(Dataset excerpt begins)

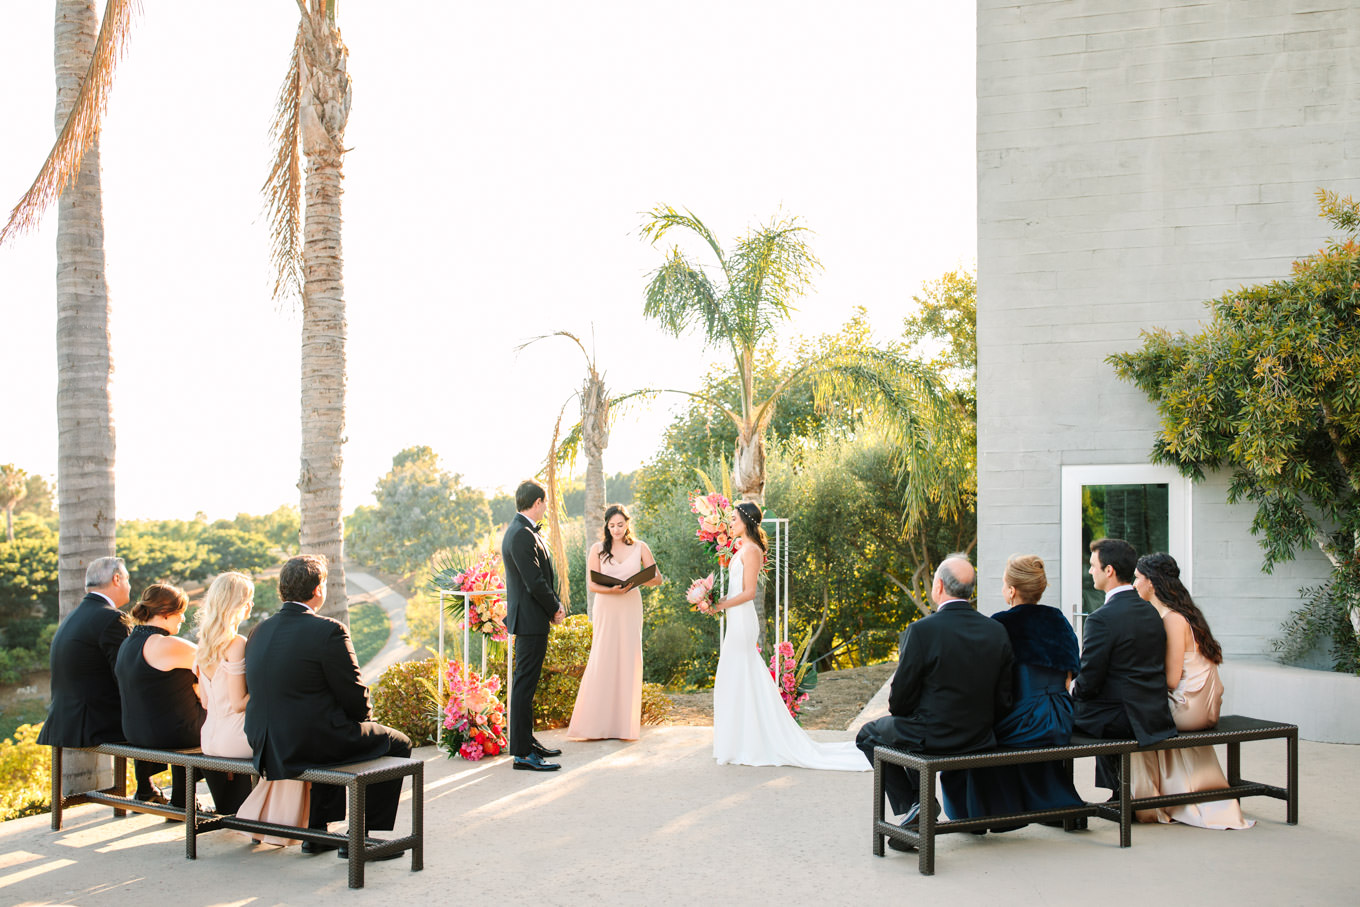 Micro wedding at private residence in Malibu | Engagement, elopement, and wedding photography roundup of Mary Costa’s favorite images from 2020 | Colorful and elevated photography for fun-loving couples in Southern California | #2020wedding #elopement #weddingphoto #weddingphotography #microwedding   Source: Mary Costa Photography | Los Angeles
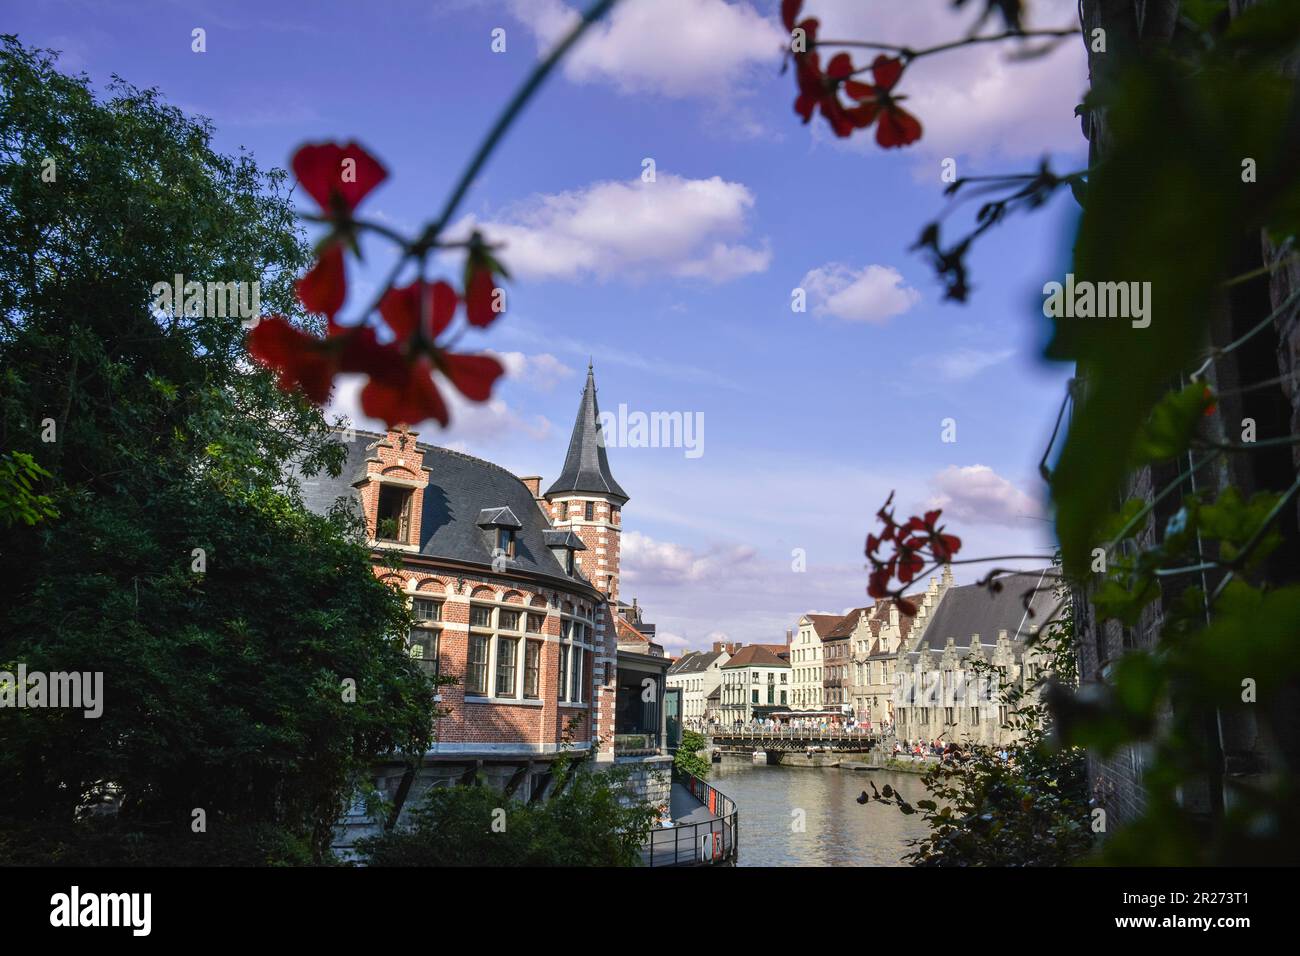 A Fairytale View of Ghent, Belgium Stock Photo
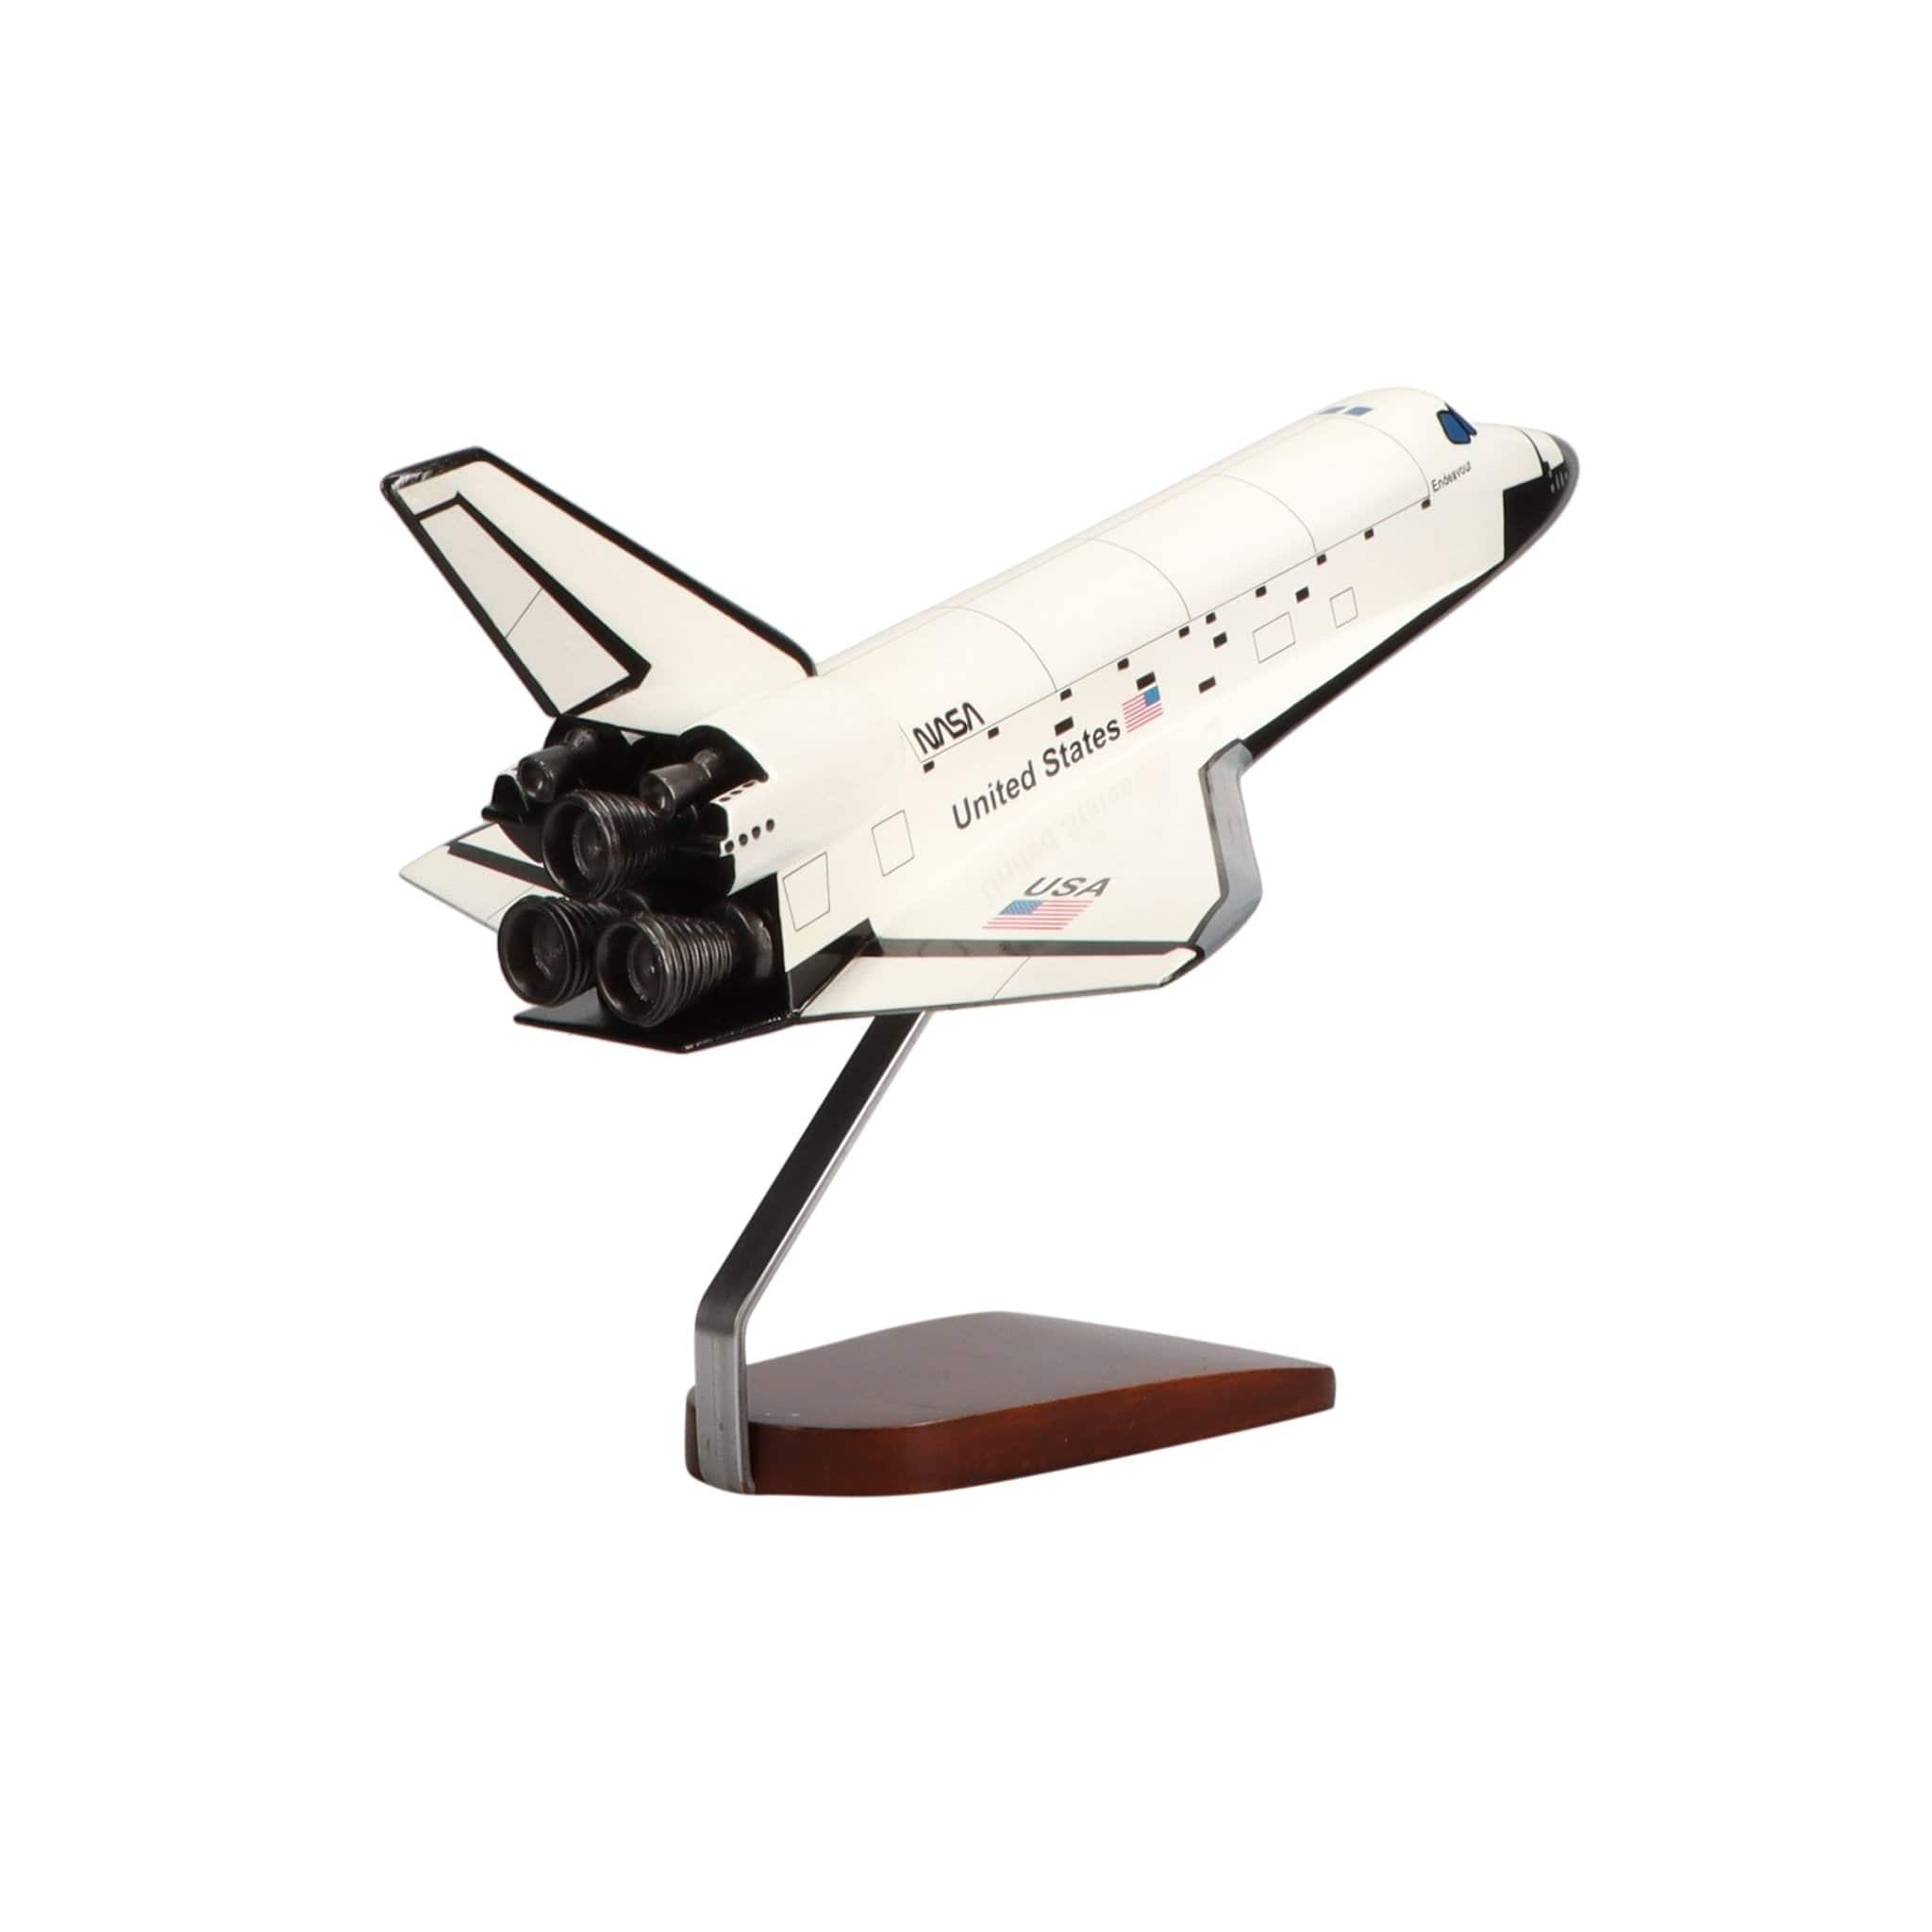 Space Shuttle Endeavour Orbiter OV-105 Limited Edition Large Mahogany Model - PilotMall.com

(Dataset excerpt ends)

Nothing but the lines from the one containing "A Fairytale View" through the last line of the listing should be copied, each word for word and without pictures.

 A Fairytale View of Ghent, Belgium Stock Photo
 Space Shuttle Endeavour Orbiter OV-105 Limited Edition Large Mahogany Model - PilotMall.com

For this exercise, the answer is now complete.